Acórdão do Tribunal da Relação de Coimbra
Processo:
2653/07.0TBAGD.C1
Nº Convencional: JTRC
Relator: JAIME FERREIRA
Descritores: INSOLVÊNCIA
PETIÇÃO INICIAL - CONTEÚDO
INDICAÇÃO DOS CINCO MAIORES CREDORES
Data do Acordão: 04/15/2008
Votação: UNANIMIDADE
Tribunal Recurso: TRIBUNAL JUDICIAL DE ÁGUEDA - 3º JUÍZO CÍVEL
Texto Integral: S
Meio Processual: AGRAVO
Decisão: PROVIDO
Legislação Nacional: ARTºS 23º, NºS 1 E 2, ALS. B), C) E D), 25º E 29º DO CIRE
Sumário: I – Embora conste do artº 23º, nºs 1 e 2, al. b), do CIRE (aprovado pelo D.L. nº 53/2004, de 18/03, na redacção do D.L. nº 200/2004, de 18/08) que “… o pedido de declaração de insolvência é feito por meio de petição escrita, na qual são expostos os factos que integram os pressupostos de declaração requerida e se conclui pela formulação do corresponde pedido”, devendo o requerente, além do mais, “identificar os administradores do devedor e os seus cinco maiores credores, com exclusão do próprio requerente”, também desse preceito faz parte um nº 2 no qual se dispõe que “não sendo possível o requerente fazer as indicações e junções referidas no nº anterior, solicita que sejam prestadas pelo próprio devedor”.
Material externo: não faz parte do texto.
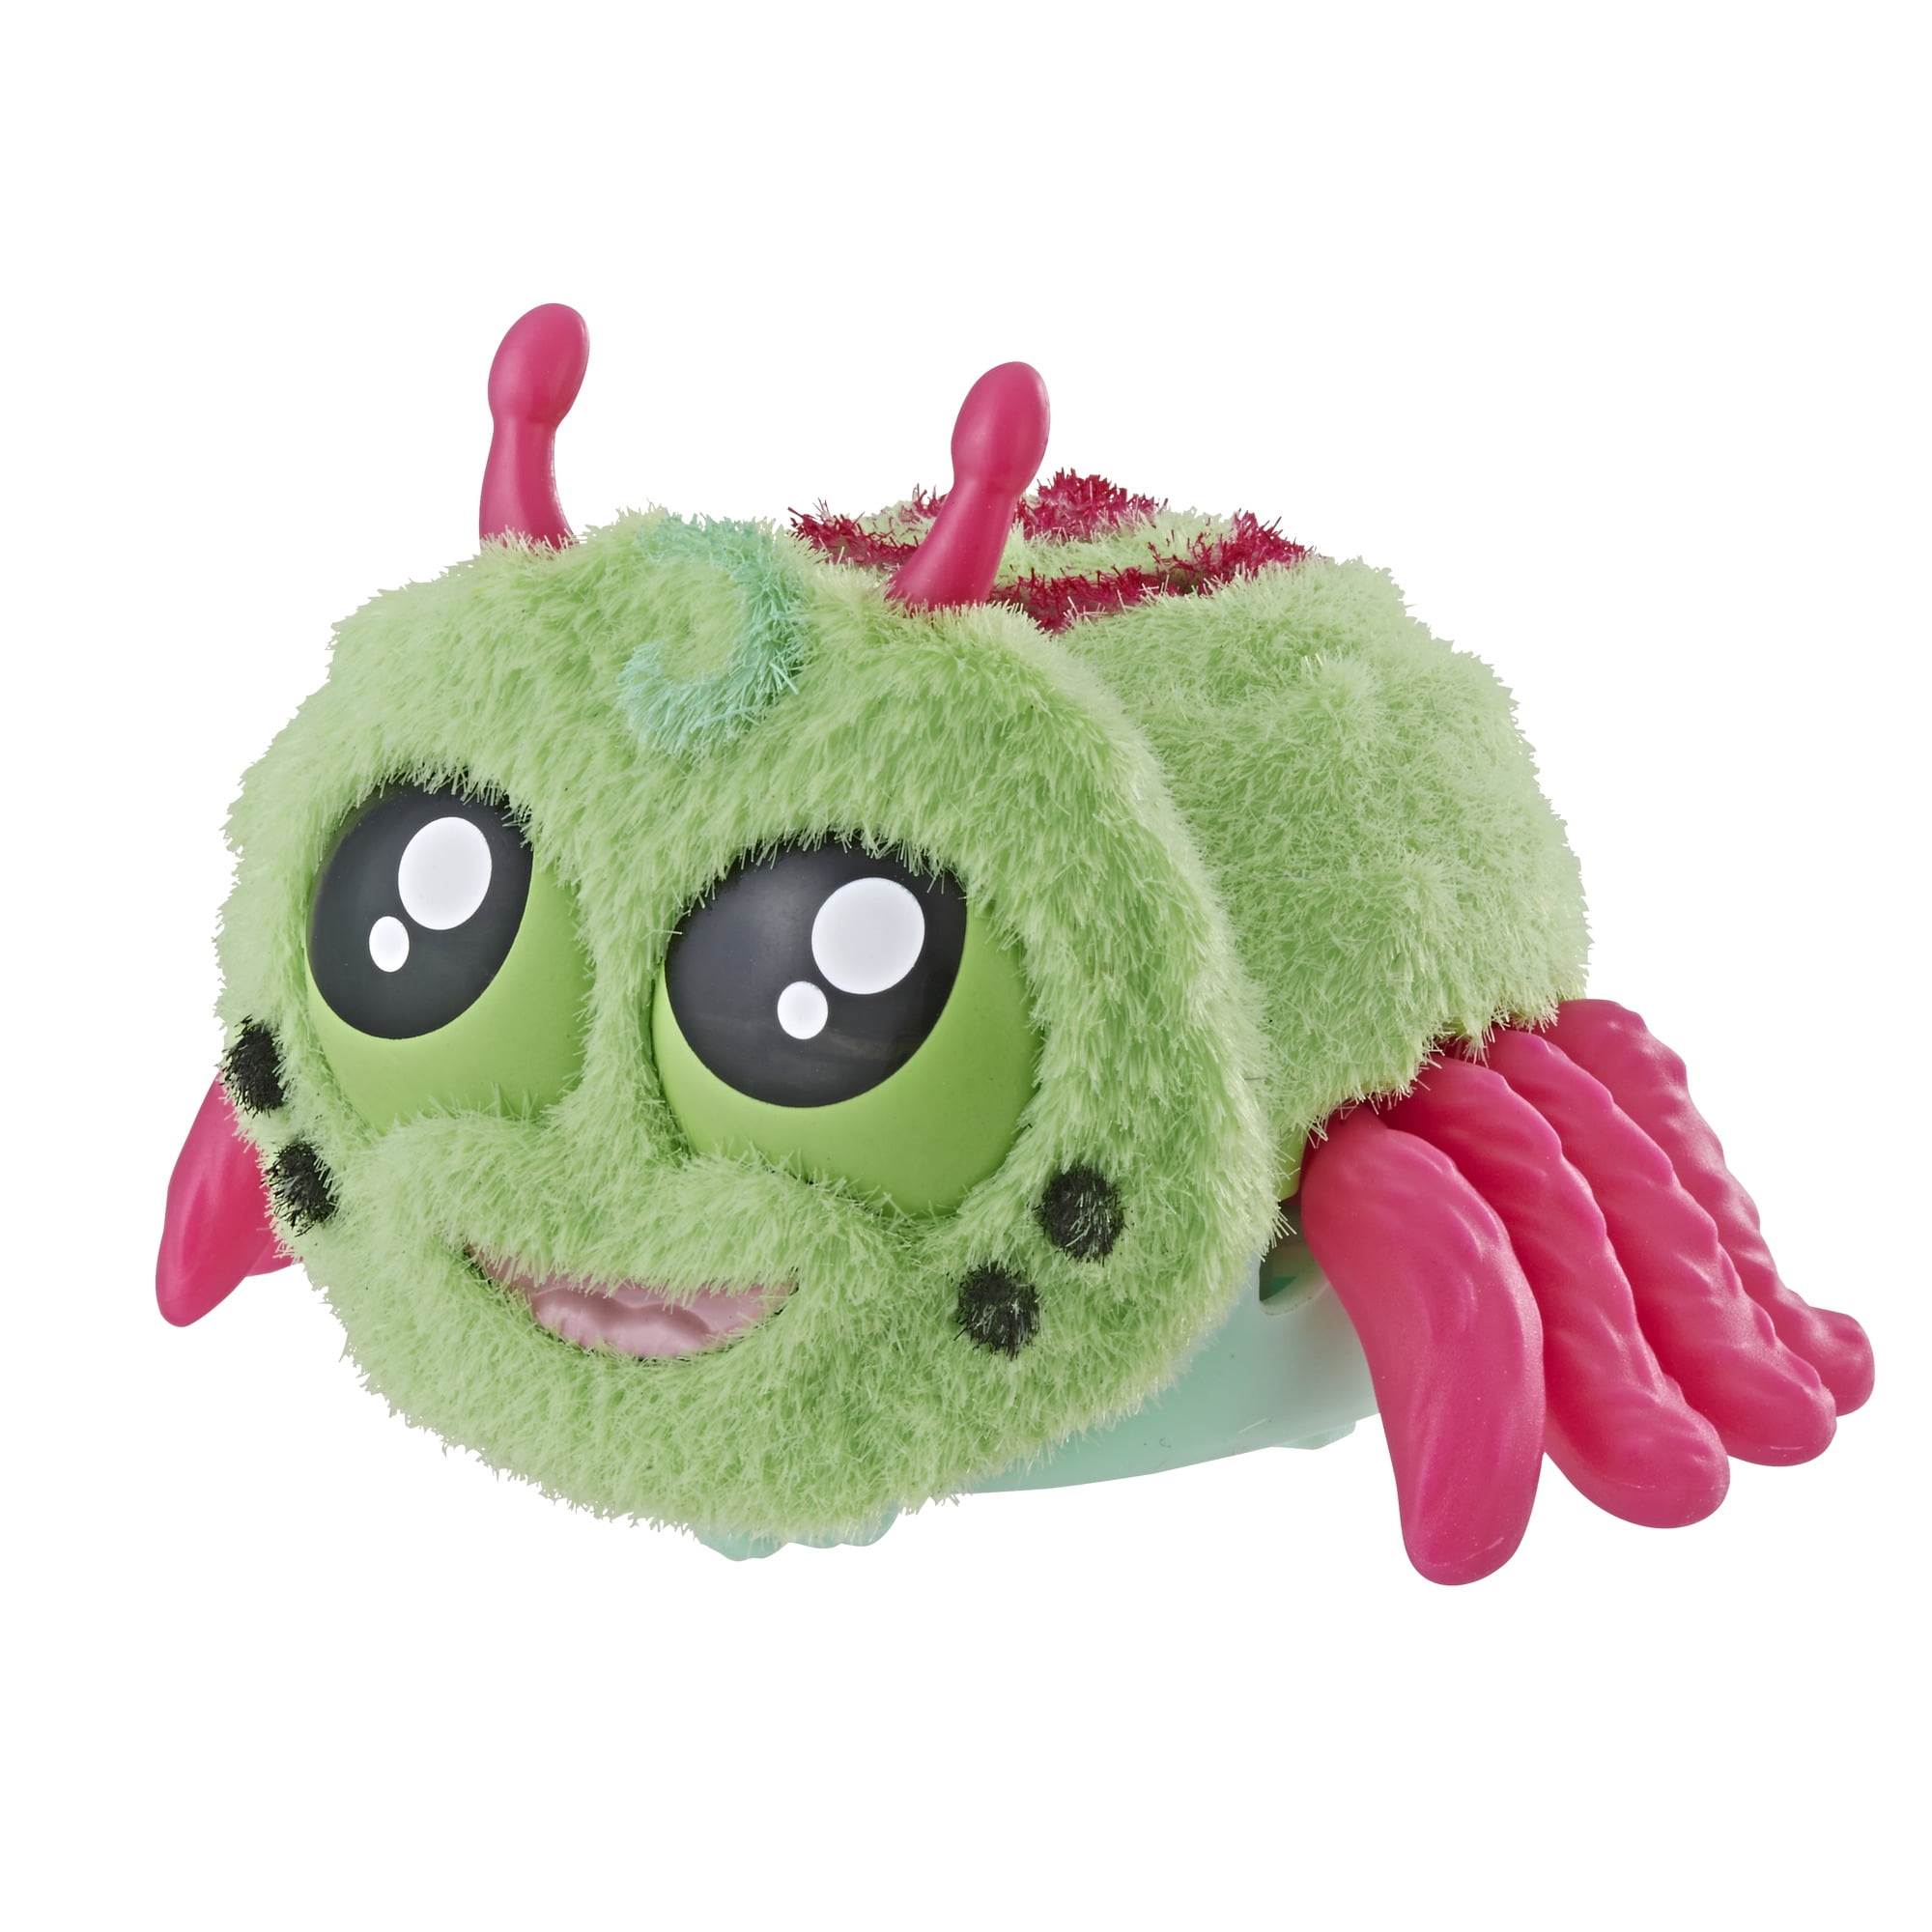 Hasbro Yellies Wiggly Wriggles Voice-activated Spider Pet Ages 5 and up for sale online 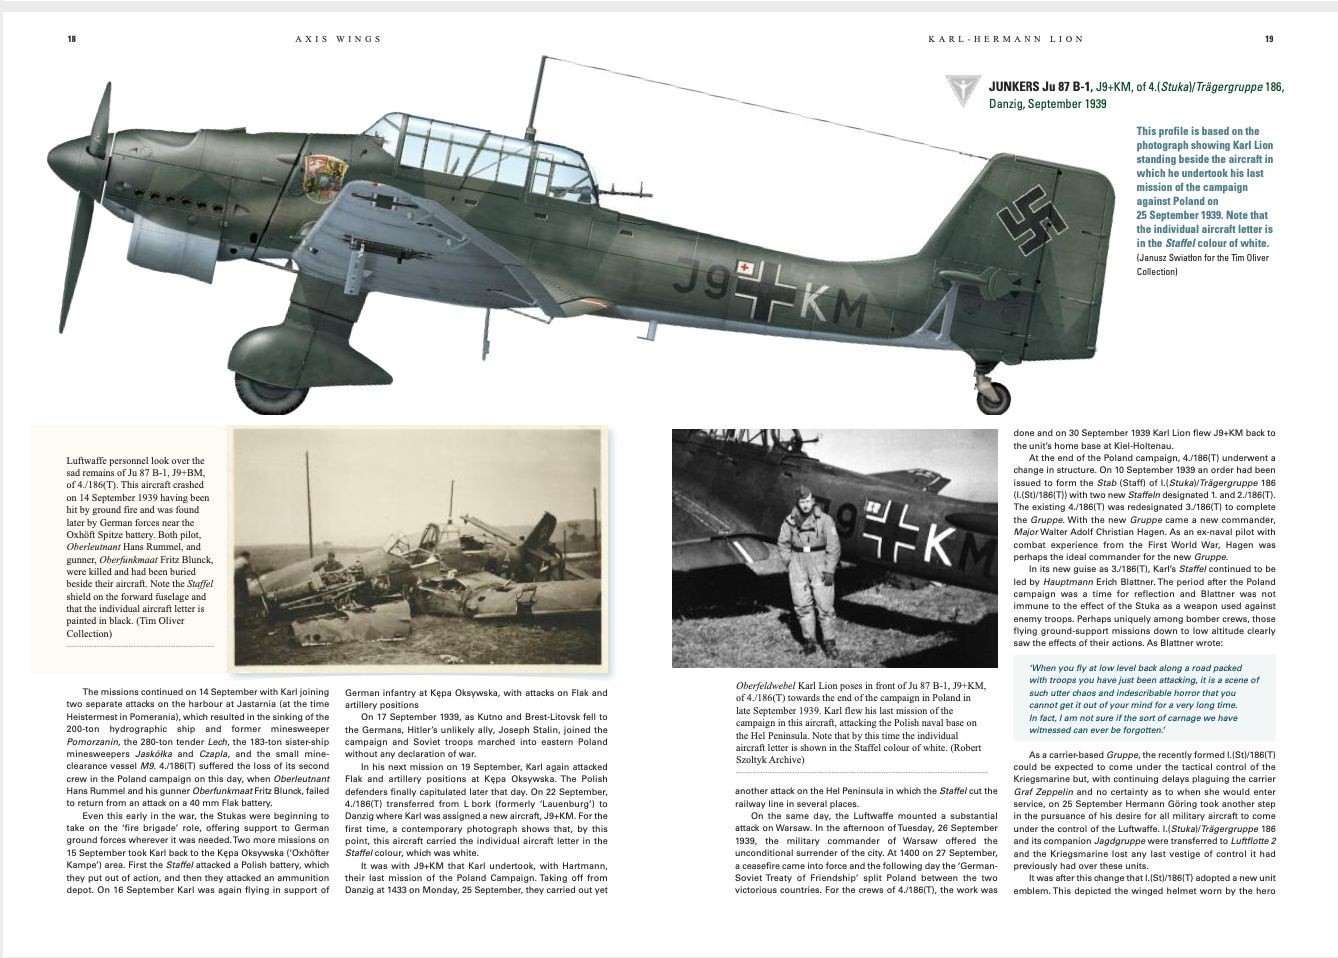 'Axis Wings' Luftwaffe and Co-Belligerent Air Forces Page 18-19 Junkers Ju 87 B-1

II - E compreende-se que assim suceda, dado a grande dificuldade, por vezes, que um vulgar credor tem desses elementos. Cada credor, usualmente, sabe de si e do que mais lhe possa constar no mercado, mas nada em concreto ou com rigor acerca dos outros credores, para poder dar exacto cumprimento à citada disposição.

III - Ou, então, apenas poderá indicar uns quaisquer credores da Requerida, mesmo indicando-os como sendo os 5 maiores, apenas para cumprir a dita “formalidade legal”, sem que daí lhe possa advir algum prejuízo ou consequência processual, já que neste tipo de acções não há lugar à citação dos credores da Requerida nesta fase inicial do processo, como bem resulta do artº 29º do CIRE.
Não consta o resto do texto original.